Blog 1

Goal: climate data with pandas and SQLite3

1. Create a Database

Goal:

  • Create a database with three tables: temperatures, stations, and countries.
  • Keep these as three separate tables in your database.
  • Make sure to close the database connection after constructing it.
  1. We first import all data packages we need
  2. We then load use sqlite3 to connect to a new database
    • note: if the database does not exist, it will create a new database in the current directory with the name that we specified
import sqlite3
import pandas as pd
import numpy as np
from plotly import express as px
from sklearn.linear_model import LinearRegression
import calendar
conn = sqlite3.connect("temps.db") 
  1. We then load in every tables we have into the database by using to_sql method
countries = pd.read_csv("https://raw.githubusercontent.com/mysociety/gaze/master/data/fips-10-4-to-iso-country-codes.csv")
# new table: countries
countries = countries.rename(columns = {"FIPS 10-4"  : "FIPS"})
countries.to_sql("countries", conn, if_exists = "replace", index = False)
countries.head()
C:\Users\ymf\anaconda3\envs\PIC16B\lib\site-packages\pandas\core\generic.py:2789: UserWarning: The spaces in these column names will not be changed. In pandas versions < 0.14, spaces were converted to underscores.
  method=method,
FIPS ISO 3166 Name
0 AF AF Afghanistan
1 AX - Akrotiri
2 AL AL Albania
3 AG DZ Algeria
4 AQ AS American Samoa
url = "https://raw.githubusercontent.com/PhilChodrow/PIC16B/master/datasets/noaa-ghcn/station-metadata.csv"
stations = pd.read_csv(url)
# new table stations
stations.to_sql("stations", conn, if_exists = "replace", index = False)
stations.head()
ID LATITUDE LONGITUDE STNELEV NAME
0 ACW00011604 57.7667 11.8667 18.0 SAVE
1 AE000041196 25.3330 55.5170 34.0 SHARJAH_INTER_AIRP
2 AEM00041184 25.6170 55.9330 31.0 RAS_AL_KHAIMAH_INTE
3 AEM00041194 25.2550 55.3640 10.4 DUBAI_INTL
4 AEM00041216 24.4300 54.4700 3.0 ABU_DHABI_BATEEN_AIR
  1. since the temperatures data file contains all the temperatures of 12 months in a row which is not efficient for us to do data analysis, we first do some data cleaning and revising.
def prepare_df(df):
    df["FIPS"] = df["ID"].str[0:2] #Creates a new column corresponding to the station's country's code
    df = df.set_index(keys=["ID", "Year", "FIPS"]) #Sets our indexing
    df = df.stack() #Creates a multi-level index dependent on the above
    df = df.reset_index() #Reverts to normal column indexing in the same order as above
    df = df.rename(columns = {"level_3"  : "Month" , 0 : "Temp"}) #Renames column appropriately
    df["Month"] = df["Month"].str[5:].astype(int) #Change the month column to reflect the integer value of the month
    df["Temp"]  = df["Temp"] / 100 #Converts from a hundreths of a Celsius to whole Celsius
    return(df) #Returns our dataframe

Because the temps.csv file is so large that sometimes the computer will take a long time to load this file(sometimes it would crush just like on my computer). So we can specify the chunksize parameter in the read_csv method. It will load in the data as a iterator instead of dataframe. This method will be more convenient to load in the data.

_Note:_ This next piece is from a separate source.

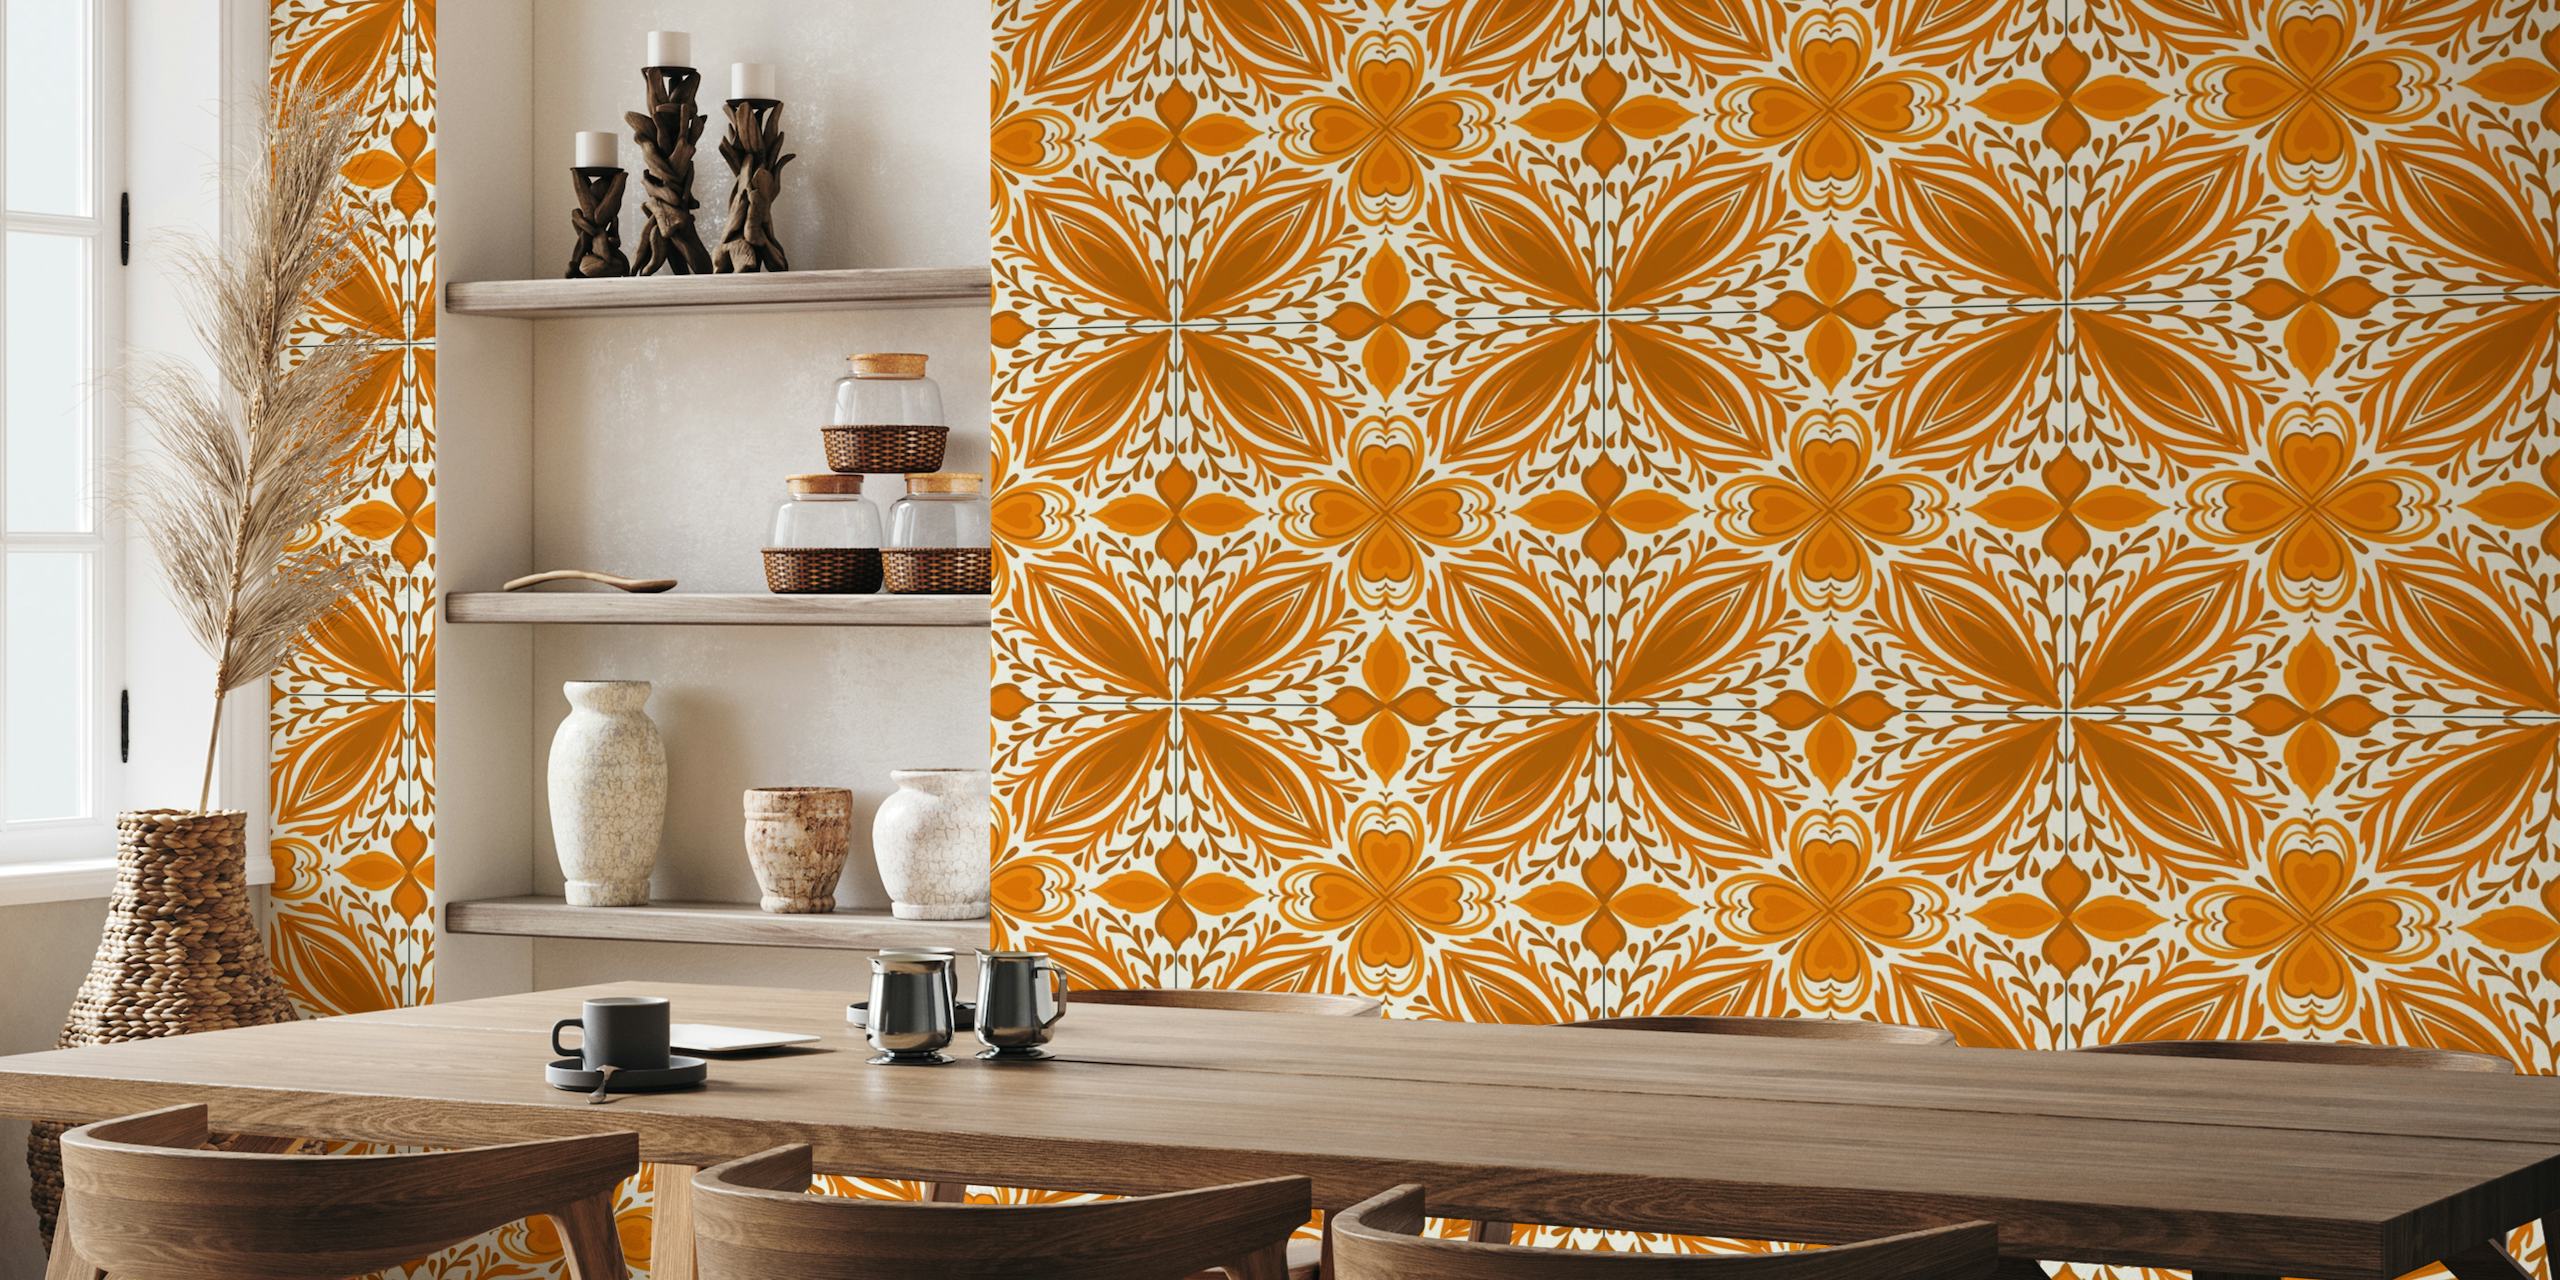 Ornate tiles, yellow and orange 4 papel pintado

df_iter = pd.read_csv("temps.csv", chunksize = 100000)
for df in df_iter:
    df = prepare_df(df)
    df.to_sql("temperatures", conn, if_exists = "append", index = False)
df.head()
ID Year FIPS Month Temp
0 USW00014924 2016 US 1 -13.69
1 USW00014924 2016 US 2 -8.40
2 USW00014924 2016 US 3 -0.20
3 USW00014924 2016 US 4 3.21
4 USW00014924 2016 US 5 13.85
  1. In order to access our database, we use Cursor on our Connection. The cursor interacts with our database and executes the SQL commands. The code below use cursor and SQL commands to see what tables populate the database.Now we can see that the databased has three seperate tables named countries, stations, temperatures as required.
cursor = conn.cursor()
cursor.execute("SELECT name FROM sqlite_master WHERE type='table'")
print(cursor.fetchall())
#fetchall() returns a list containing all the items returned
[('countries',), ('stations',), ('temperatures',)]

2. Write a Query Function

query_climate_database() which accepts four arguments:

  • country, a string giving the name of a country for which data should be returned.
  • year_begin and year_end, two integers giving the earliest and latest years for which should be returned.
  • month, an integer giving the month of the year for which should be returned.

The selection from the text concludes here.